Un mundo digital en el que listos y tontos se miran en el mismo espejo y que requiere, como en cualquier otra comunidad, un esfuerzo de convivencia

Las redes se alimentan de los contenidos que generan los propios usuarios. Cada uno de nosotros es responsable de lo que decimos, ya sea en la barra del bar o en Twitter, y nuestras manifestaciones, tanto si son analógicas como digitales, están sometidas a los límites que imponen las leyes, particularmente en el ámbito del honor, la intimidad personal y familiar y la propia imagen.

Vemos y nos miramos en el gran espejo socio-digital. La fidelidad de la imagen que refleja el cristal dependerá de cuánta dosis de sinceridad apliquemos en el ejercicio de una de las funciones cerebrales más complejas: la capacidad de reconocernos, bautizada científicamente como self mirror recognition. Cuando escribimos o colgamos una foto hemos de ser conscientes de que estamos construyendo nuestra imagen pública.

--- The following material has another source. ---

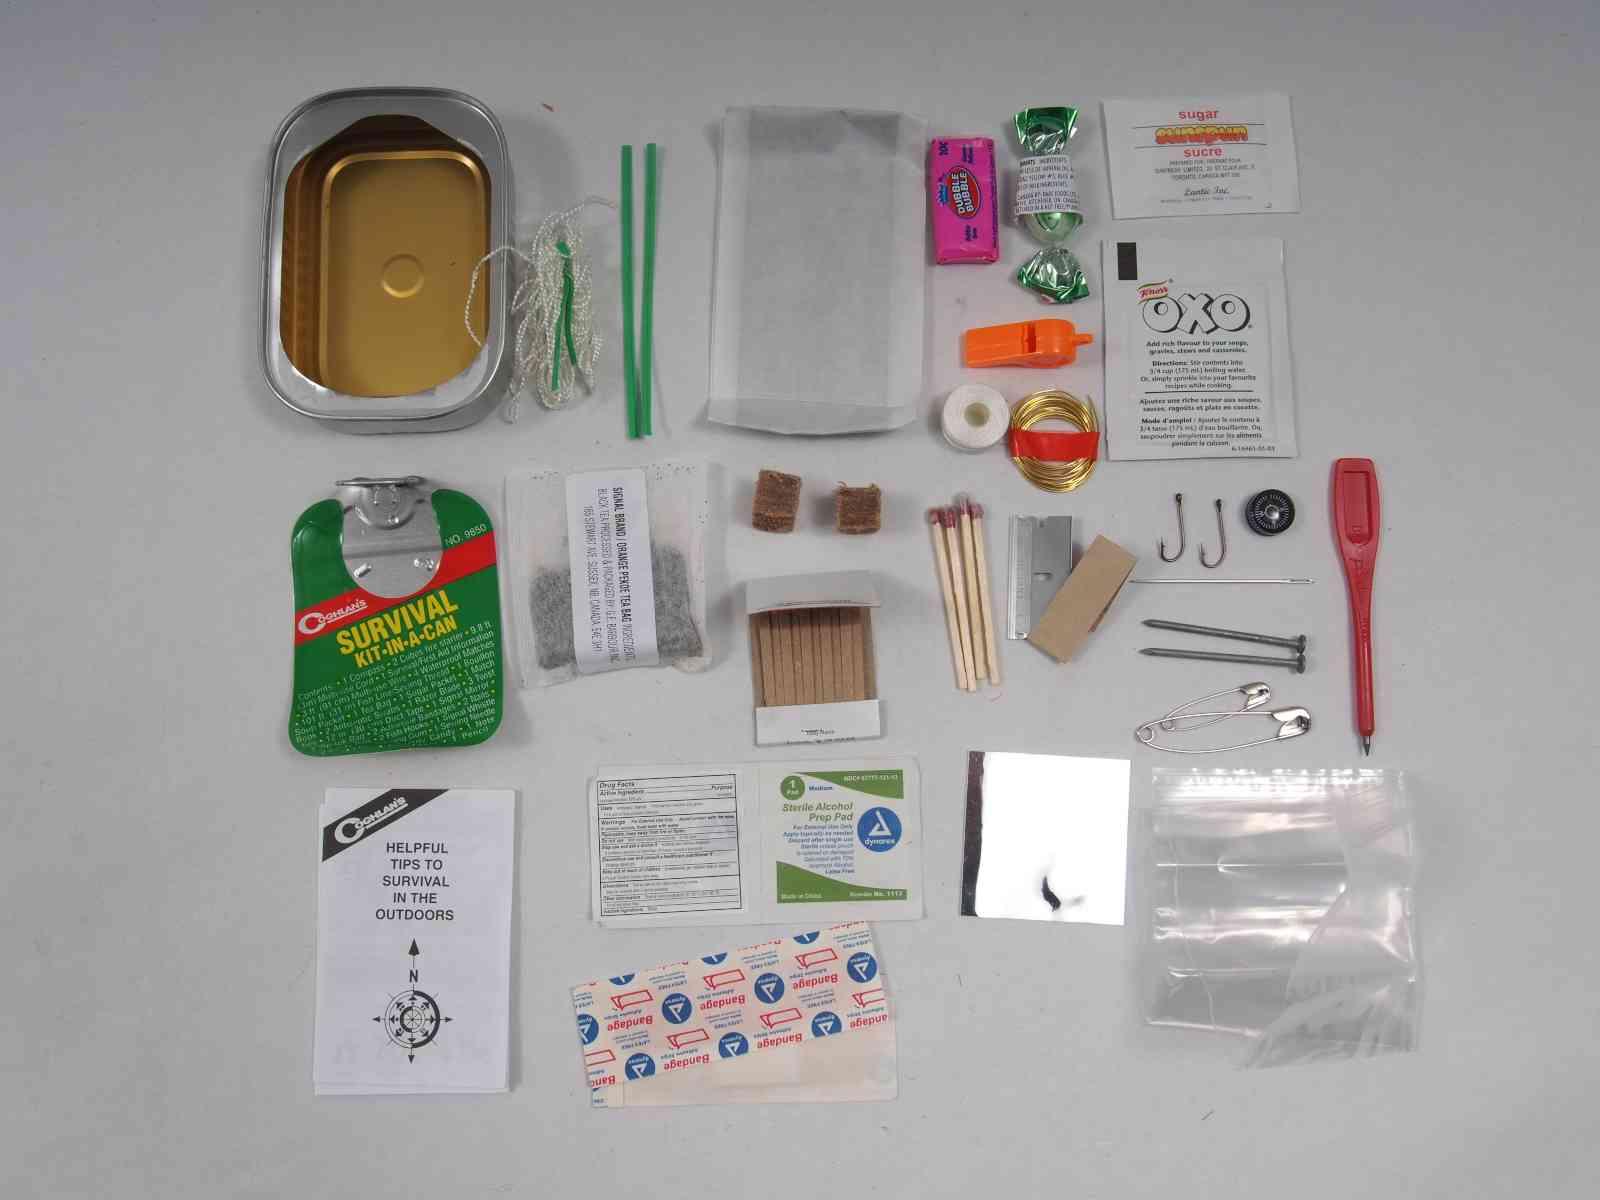 Coghlan's Survival-Kit - Kit-in-a-Can - Inhalt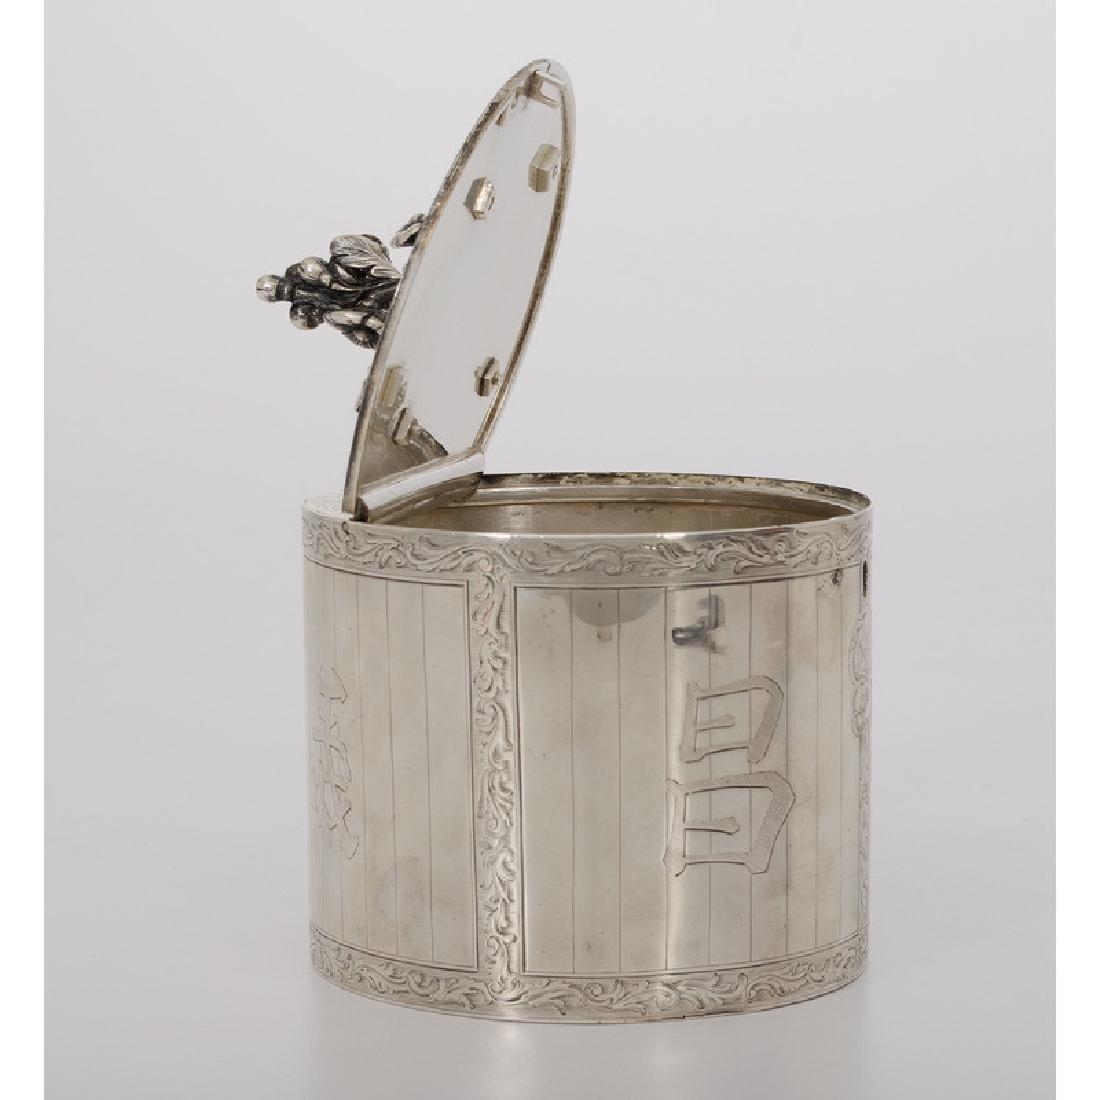 Chinoiserie Silver Tea Caddy, Parker & Wakelin - 3

Todos tenemos que aprender a usar el poder que la tecnología ha puesto en nuestras manos. Compartimos un escenario nuevo en el que todo el mundo comunica, un orden distinto que se caracteriza por un cierto desorden, fruto de su transversalidad, universalidad, movilidad e instantaneidad. Un mundo digital en el que listos y tontos se miran en el mismo espejo y que requiere, como en cualquier otra comunidad, un esfuerzo de convivencia.

Por ello, sería de agradecer que los intelectuales que claman contra las redes tuviesen la generosidad de compartir sus conexiones neuronales para formar a esas legiones de necios cuyo principal pecado es haber encontrado una puerta que les permite acceder al campo, una tierra digital donde crecen tan rápido las malas hierbas como las más bellas flores.